What you return should be the complete data below, word for word, with no pictures in it.

## SOURCE MATERIAL:
======

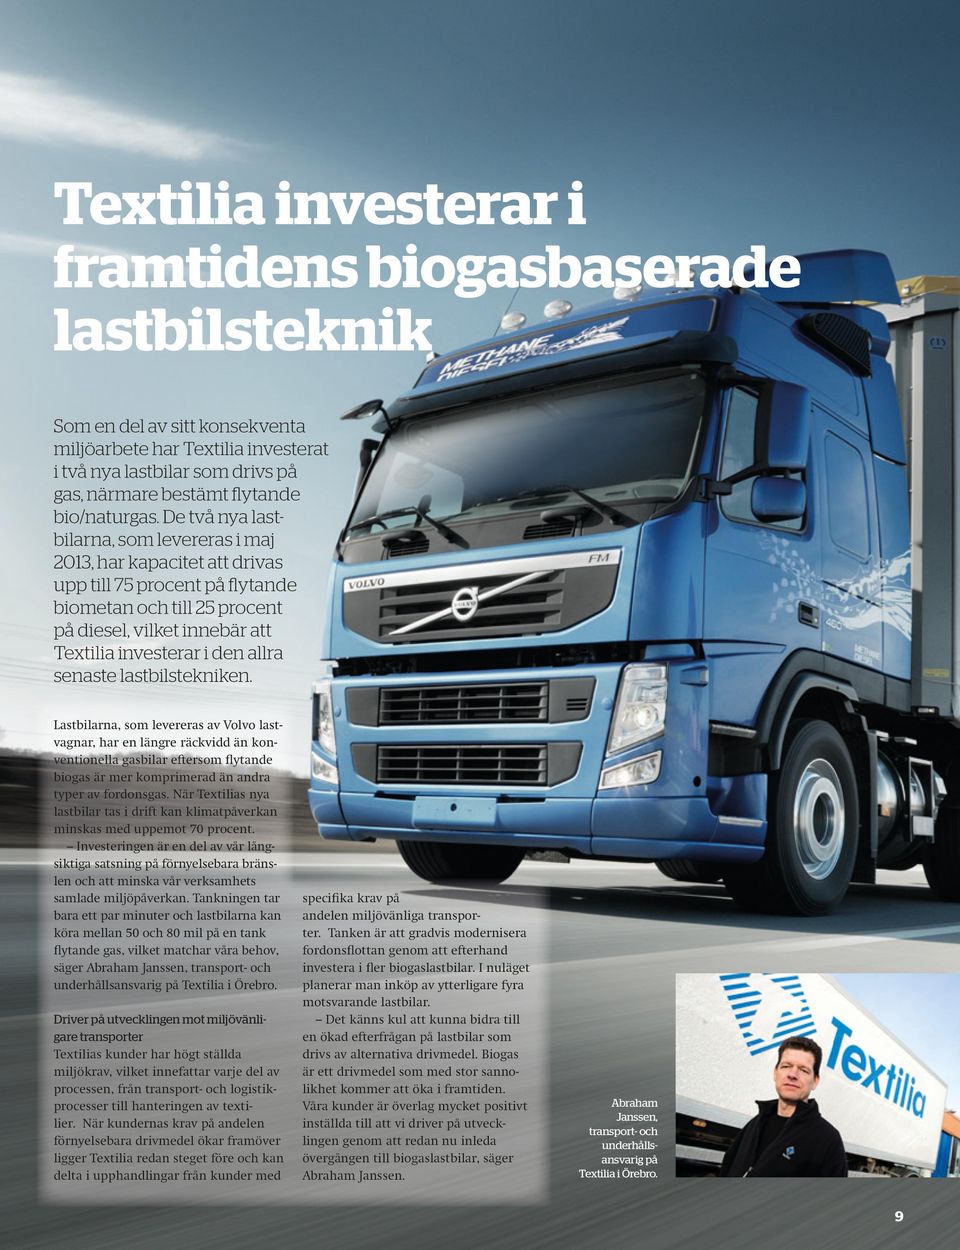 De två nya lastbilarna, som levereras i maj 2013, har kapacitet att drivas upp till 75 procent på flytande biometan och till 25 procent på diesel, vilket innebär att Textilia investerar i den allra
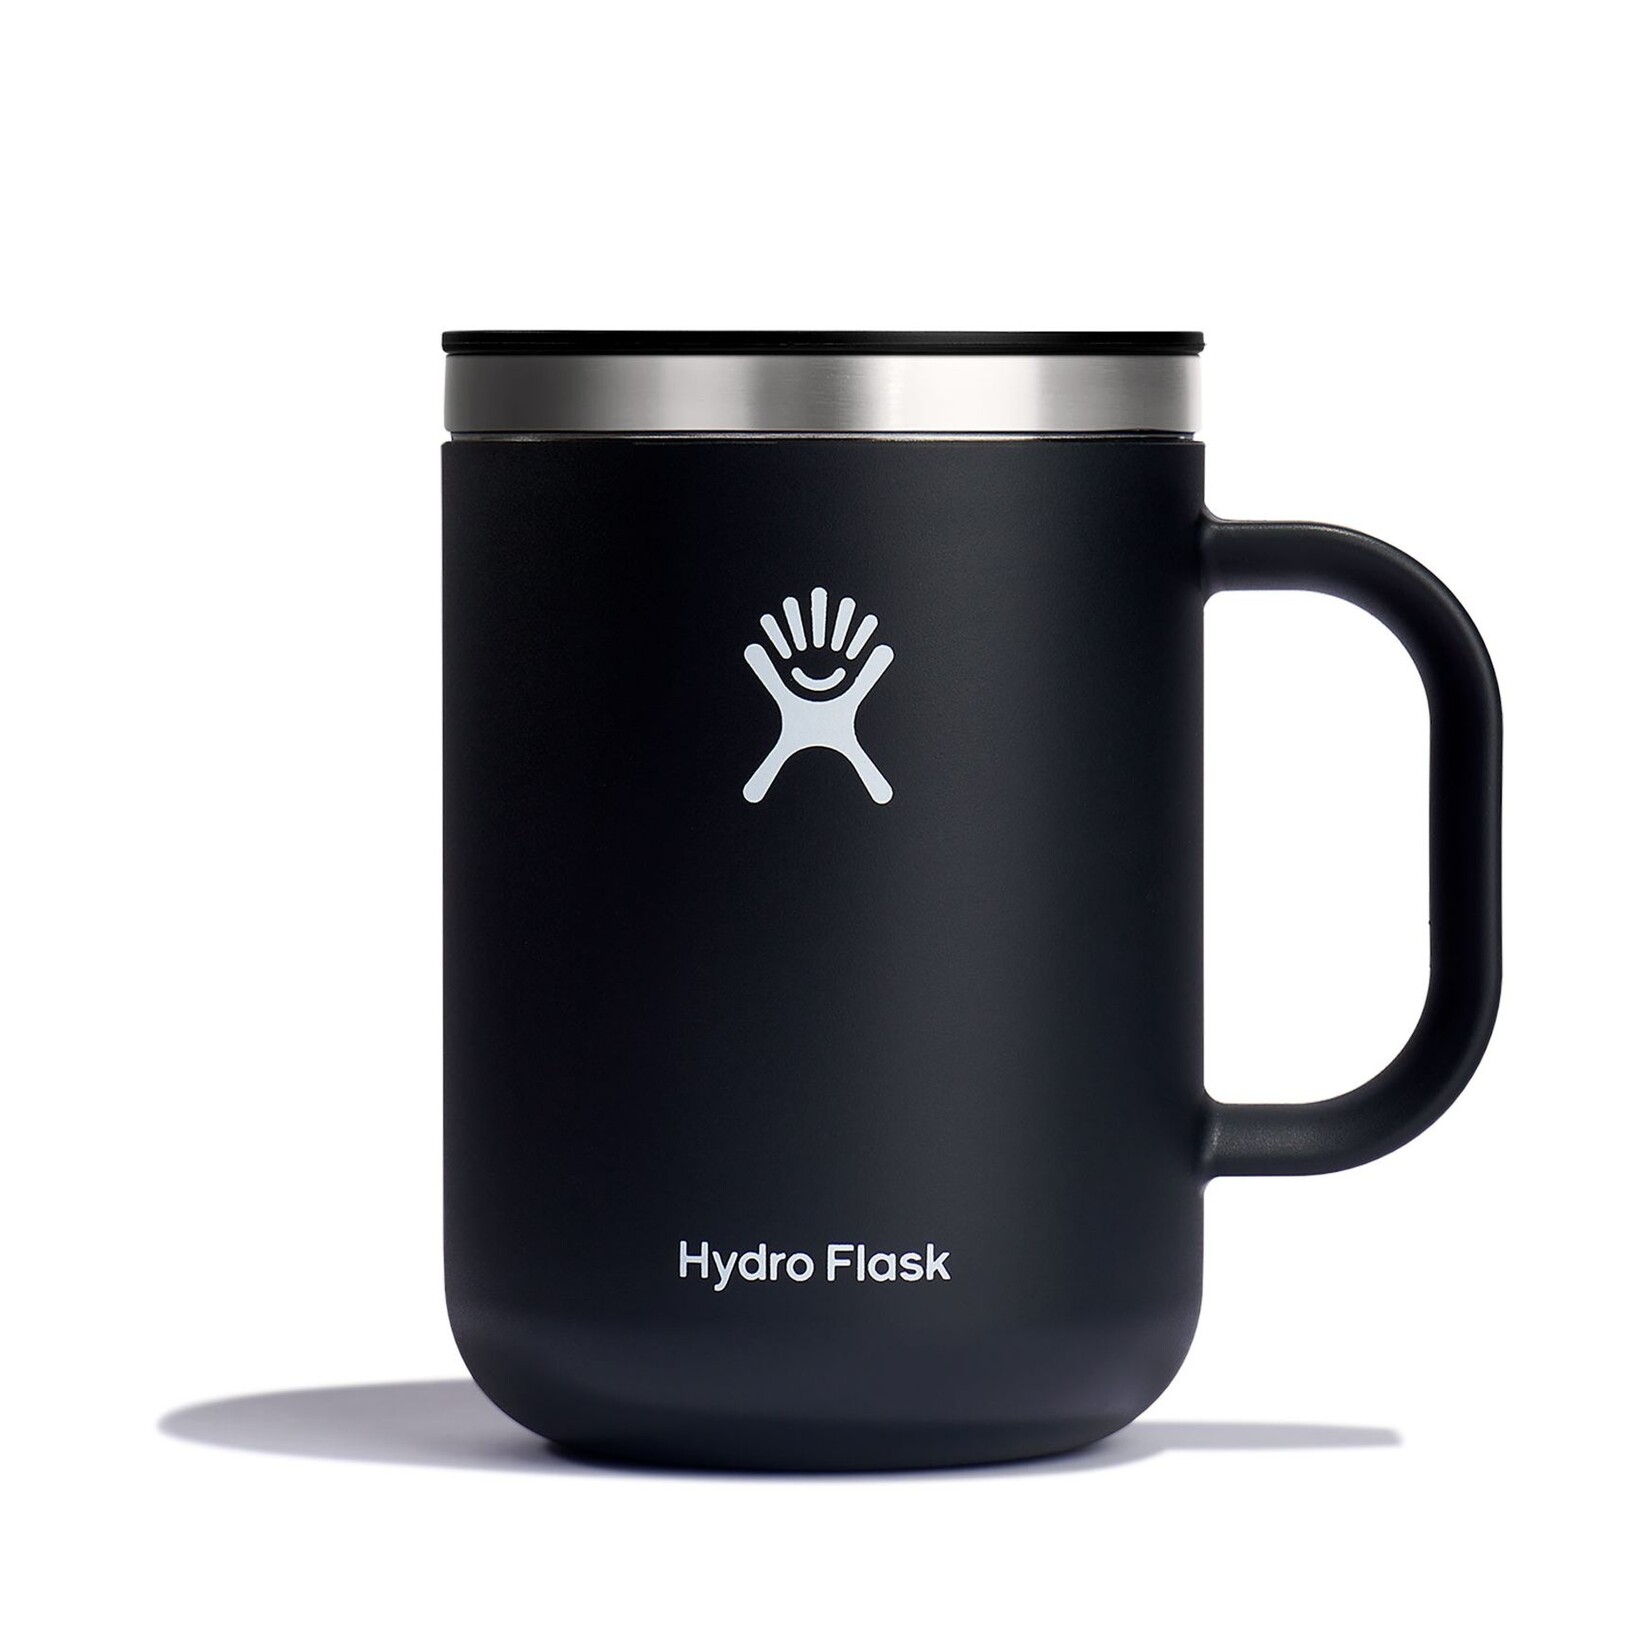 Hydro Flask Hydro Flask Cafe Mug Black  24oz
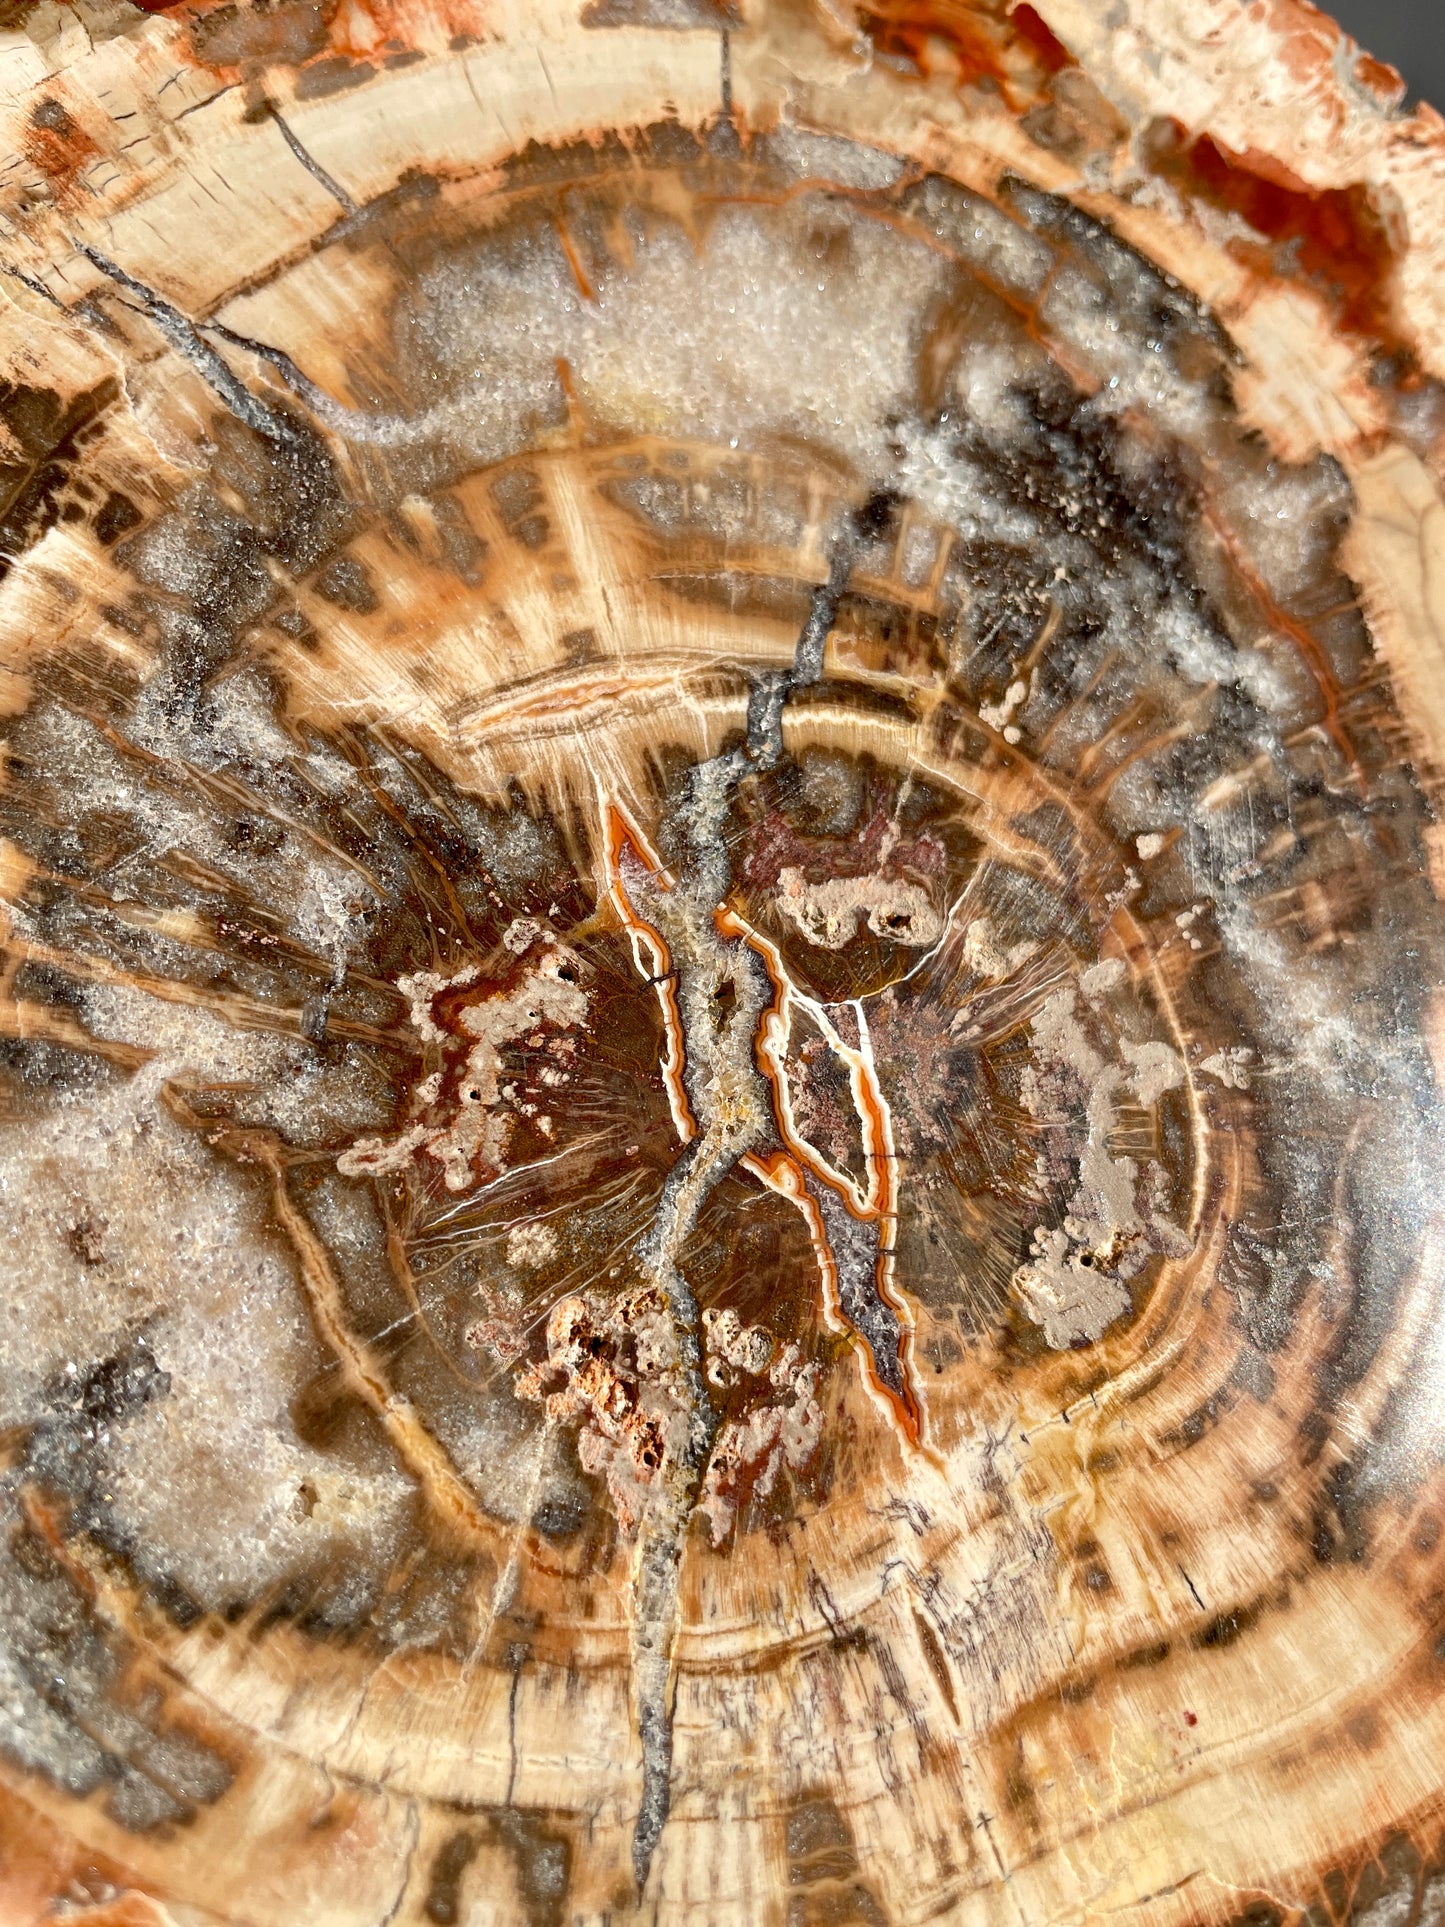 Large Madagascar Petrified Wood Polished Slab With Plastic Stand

======

## TASK RESPONSE:
 De två nya lastbilarna, som levereras i maj 2013, har kapacitet att drivas upp till 75 procent på flytande biometan och till 25 procent på diesel, vilket innebär att Textilia investerar i den allra
 Hydro Flask Hydro Flask Cafe Mug Black  24oz
 Large Madagascar Petrified Wood Polished Slab With Plastic Stand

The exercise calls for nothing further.